Marie-Josée Kravis Will Replace Leon Black as MoMA Board Chair After an Activist Campaign Nixed His Reelection Chances

Black will remain involved with the museum as a trustee.

Marie-Josée Kravis and Henry Kravis at MoMA in 2018. Photo by Paul Bruinooge/Patrick McMullan via Getty Images.
Marie-Josée Kravis and Henry Kravis at MoMA in 2018. Photo by Paul Bruinooge/Patrick McMullan via Getty Images.

After months of mounting pressure and official news that embattled Museum of Modern Art board chair Leon Black would not seek re-election, the board has unanimously elected former longtime president Marie-Josée Kravis to replace him.

Kravis has a long history with the museum, having been a board member since 1994. She served as president from 2005 to 2018, and has been an active member of the executive, finance, capital, and painting and sculpture committees, as well as the chairman’s council.

“Marie-Josée will be an outstanding chairperson of MoMA,” Leon Black told Artnet News in a statement. “Her leadership and love of the arts combined with her sound understanding of finance and philanthropy will be critical to the continued success of MoMA as one of New York’s and the world’s most important cultural institutions. We are truly fortunate to have her as the next chairperson, and I’ll do all that I can to support her in this role.”

Black, who held the position for three years starting in June 2018, came under fire for his ties to convicted pedophile Jeffrey Epstein, who died by suicide in a Brooklyn jail in August 2019.

Investigators discovered that Black funneled hundreds of millions of dollars in payments and charitable donations to entities associated with Epstein over the course of their friendship.

Though Black agreed to step back from his role as head of his financial asset firm, Apollo, in late March, he retained his title at MoMA despite demands from artists, activists and others that he resign.

In late March, Black told colleagues he would not seek re-election.

Asked if Black will still remain involved with the museum, a MoMA spokesperson confirmed he would stay on as a trustee.

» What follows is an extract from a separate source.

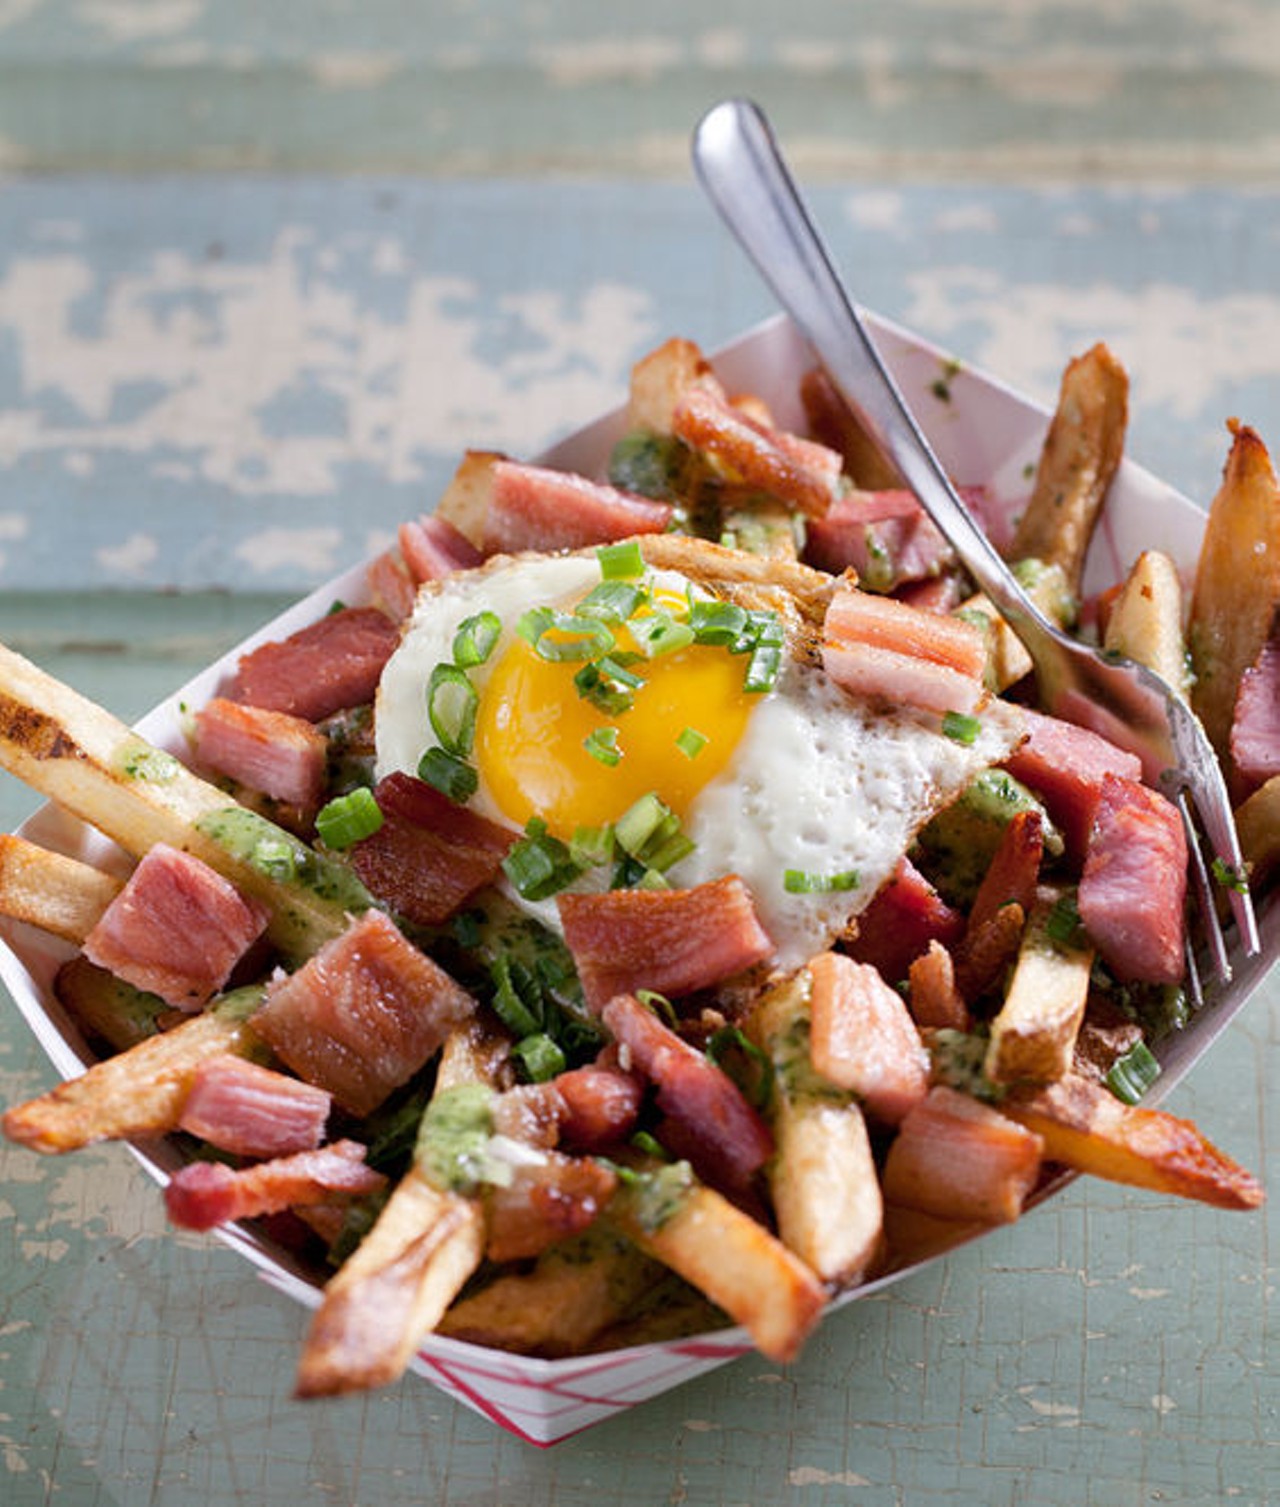 One of the menu's "Boardwalk Fries," the "Green Eggs N Ham" is fresh cut Idaho russett potatoes tossed in sea salt, a fried egg, diced ham, creamed spinach, and green onion. See more photos from the Shack Pubgrub.

Just two days ago, the New York Post reported that Black “may have maneuvered to enhance his clout on the board of Apollo Global Management ahead of a surprise January 25 announcement that he was stepping down as CEO.”

The report cited “a series of moves that are only now being questioned by some within the company.”

Among those moves was the addition to the company of two independent directors: Siddhartha Mukherjee and Pamela Joyner.

Mukherjee, a physicist and scientist, is married to artist Sarah Sze, whom has been commissioned by Black and his wife to execute private commissions.

Joyner, a longtime collector who is especially invested in art by contemporary Black artists, recently gave a landmark gift to the San Francisco Museum of Modern Art.

MoMA also announced that Ronnie Heyman, formerly president and a trustee, has been re-elected president.